Single by Jamie Bond

from the album The Heavenly Kid (Original Motion Picture Soundtrack)
- Released: 1985
- Studio: Le Gonks West, Los Angeles
- Genre: Pop
- Length: 4:41
- Label: Elektra
- Songwriters: Roxanne Seeman, Billie Hughes
- Producer: George Duke

= Heart of Love =

"Heart of Love", also known by the title "Climbing to the Heart of Love", is a song written by Roxanne Seeman and Billie Hughes. It was recorded by Joni Paladin, under the pseudonym Jamie Bond, and produced by George Duke for the soundtrack to the film The Heavenly Kid. It appears in a montage scene with Bobby (Lewis Smith) and Emily (Jane Kaczmarek). The song was released as the first single in 1985 by Elektra Records.

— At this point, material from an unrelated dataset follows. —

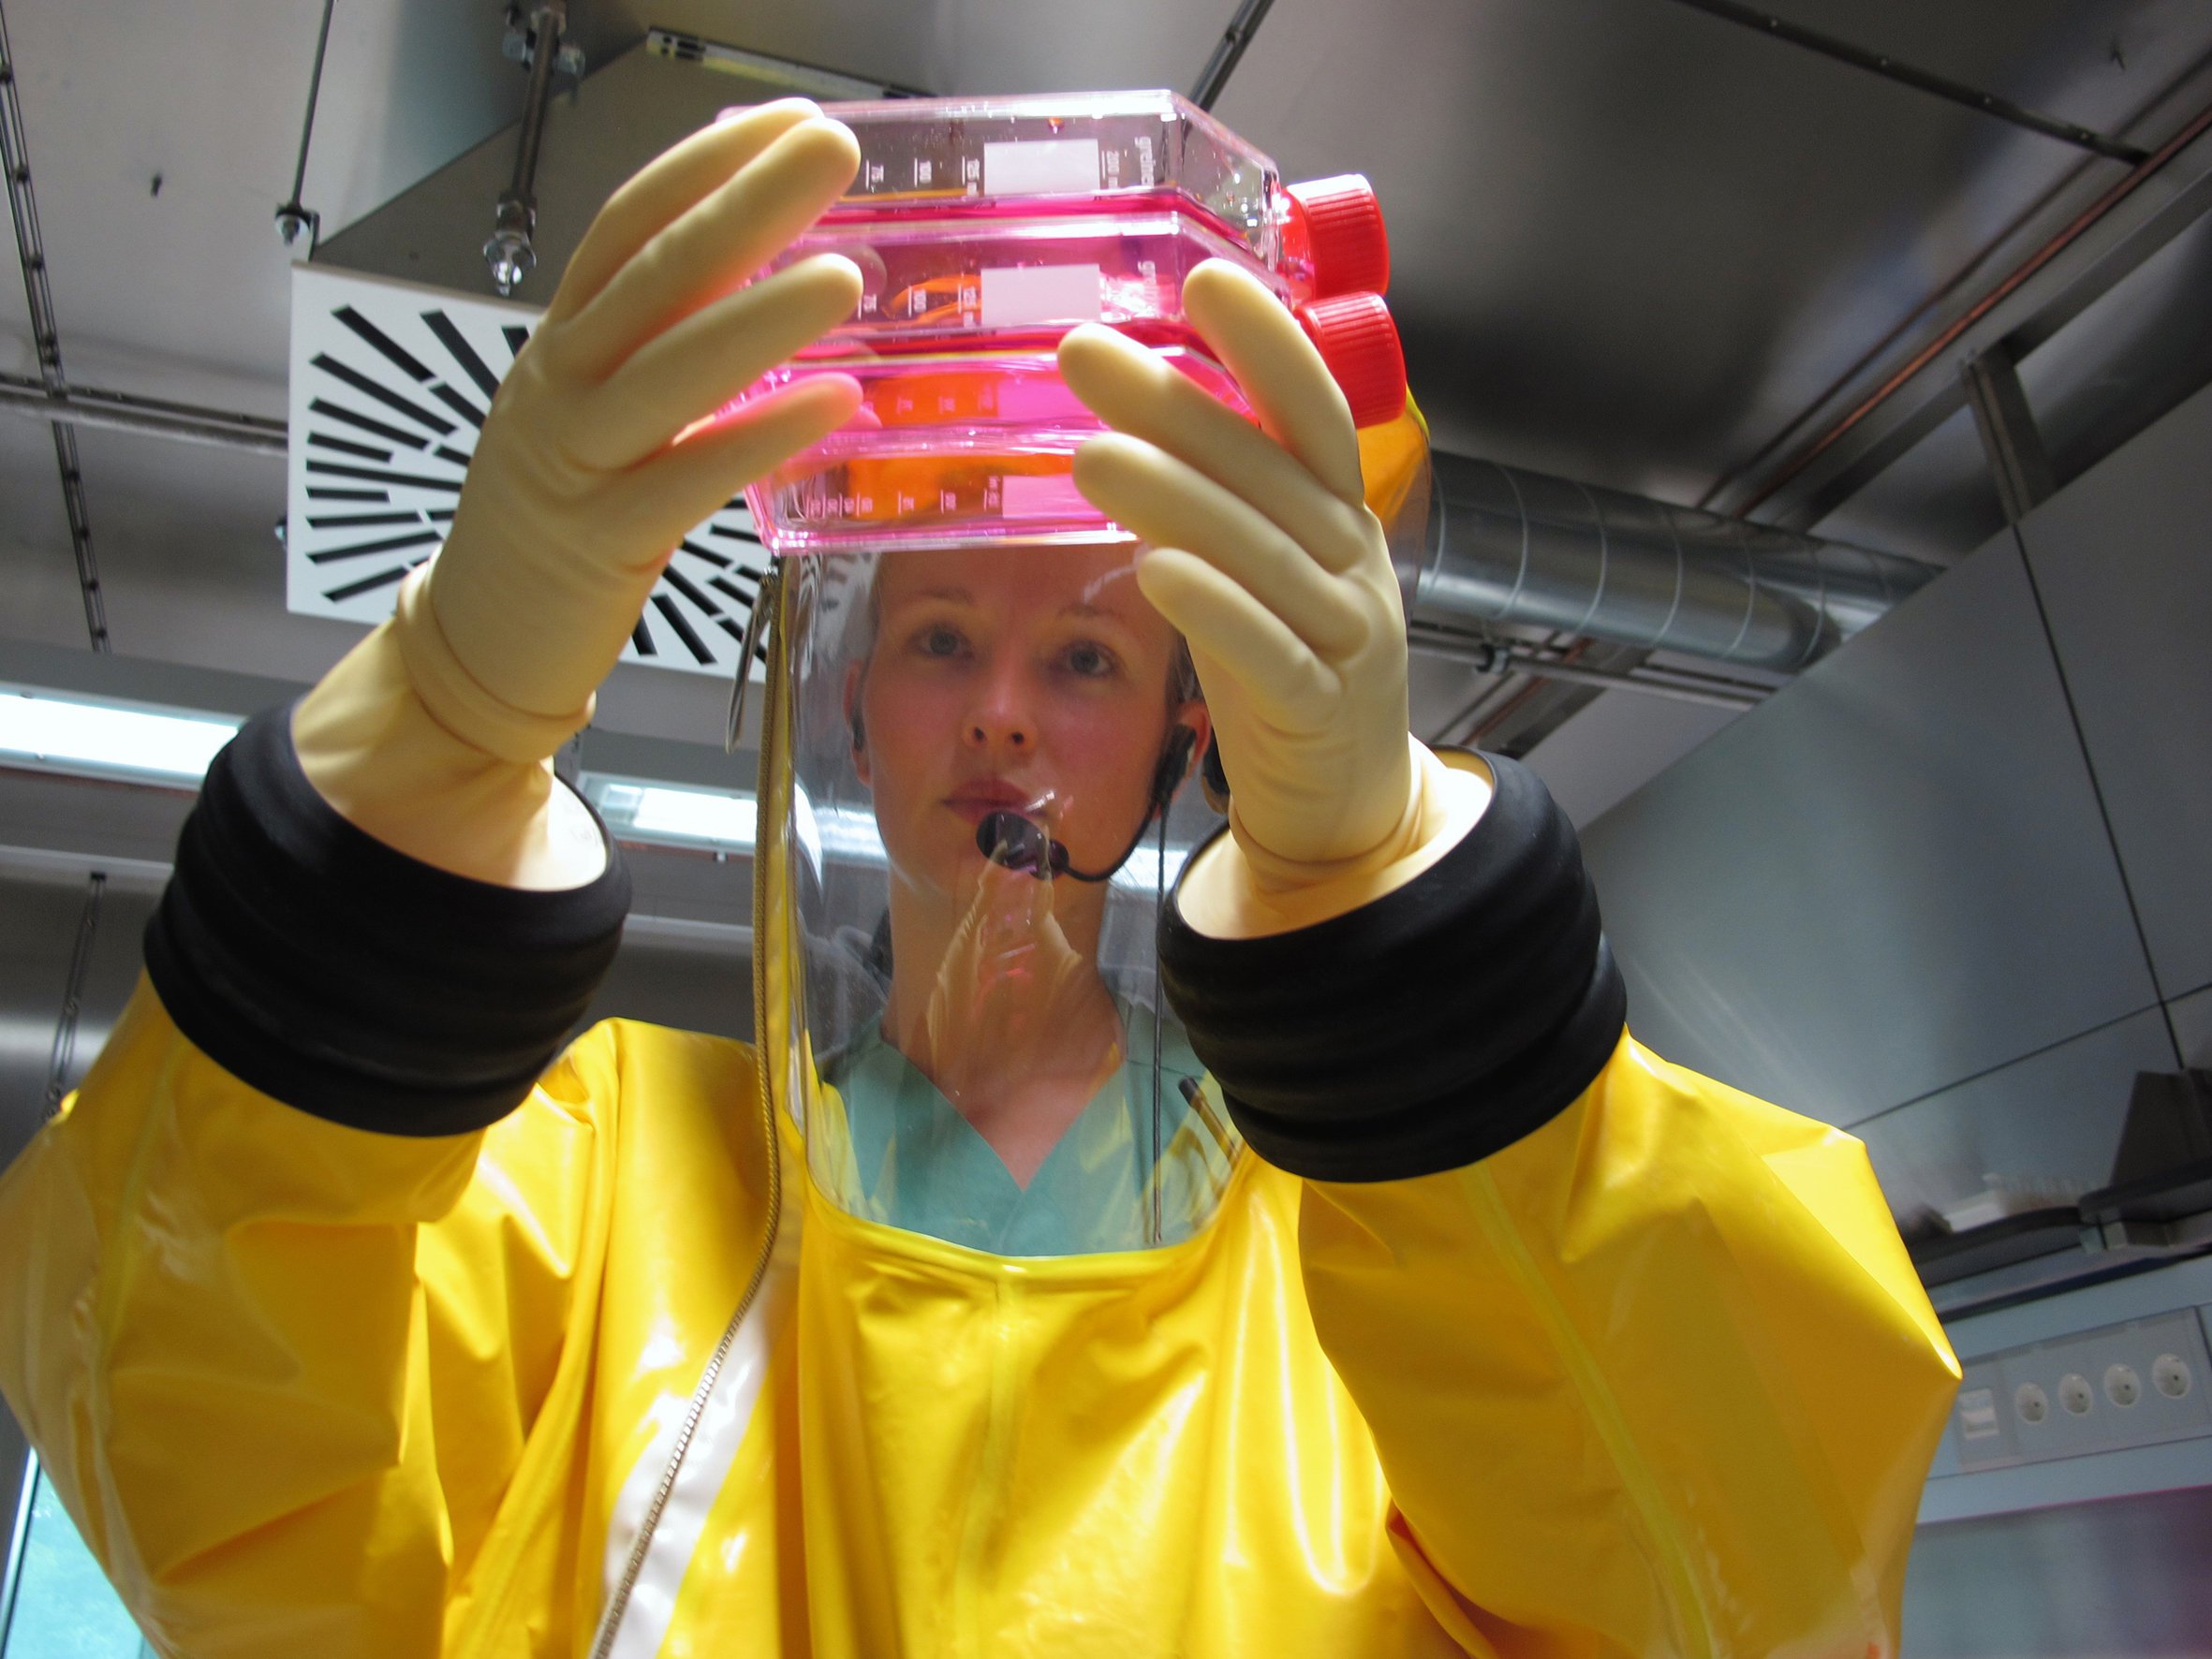 Viren-Forschung an der Universität Marburg: Die WHO hofft, dass spätestens im November ein Impfstoff gegen Ebola vorliegt.

While the single received airplay in 1985, six years later in 1991, as reported by Shelly Weiss in Cashbox, "Heart Of Love" MJQ Majic 102.5, Buffalo, Program Director Hank Nevins caught the movie on HBO and put the song on the air. The sensational reaction of listeners from Buffalo, Rochester, and Toronto moved "Heart Of Love" into power rotation. MJQ received overwhelming requests from record stores in Canada and the U.S. wishing to buy the disc.

== Production ==

- George Duke - Producer, Executive-Producer
- Erik Zobler - Recording Engineer
- Errol Sober - Music Supervisor

- Recording Studio – Le Gonks West
- Mixed At – Lion Share Recording Studios
- Mastered At – Bernie Grundman Mastering
- Mastered By – Brian Gardner

Pressed By – Allied Record Company

== Other versions ==
- Billie Hughes
- Melissa Manchester, If My Heart Had Wings, 1995, produced by Ron Nevison, Arif Mardin, executive producer

== Critical reception ==
Billboard gave a "Recommended Pick" which said: "Ballad from the "Heavenly Kid" soundtrack; fans of Whitney Houston should take note of a comparable talent."

William Ruhlmann, writing for AllMusic, described the songs on "If My Heart Had Wings": "Melissa Manchester's first album of new material in a decade was filled with big, dramatic ballads and widescreen production values."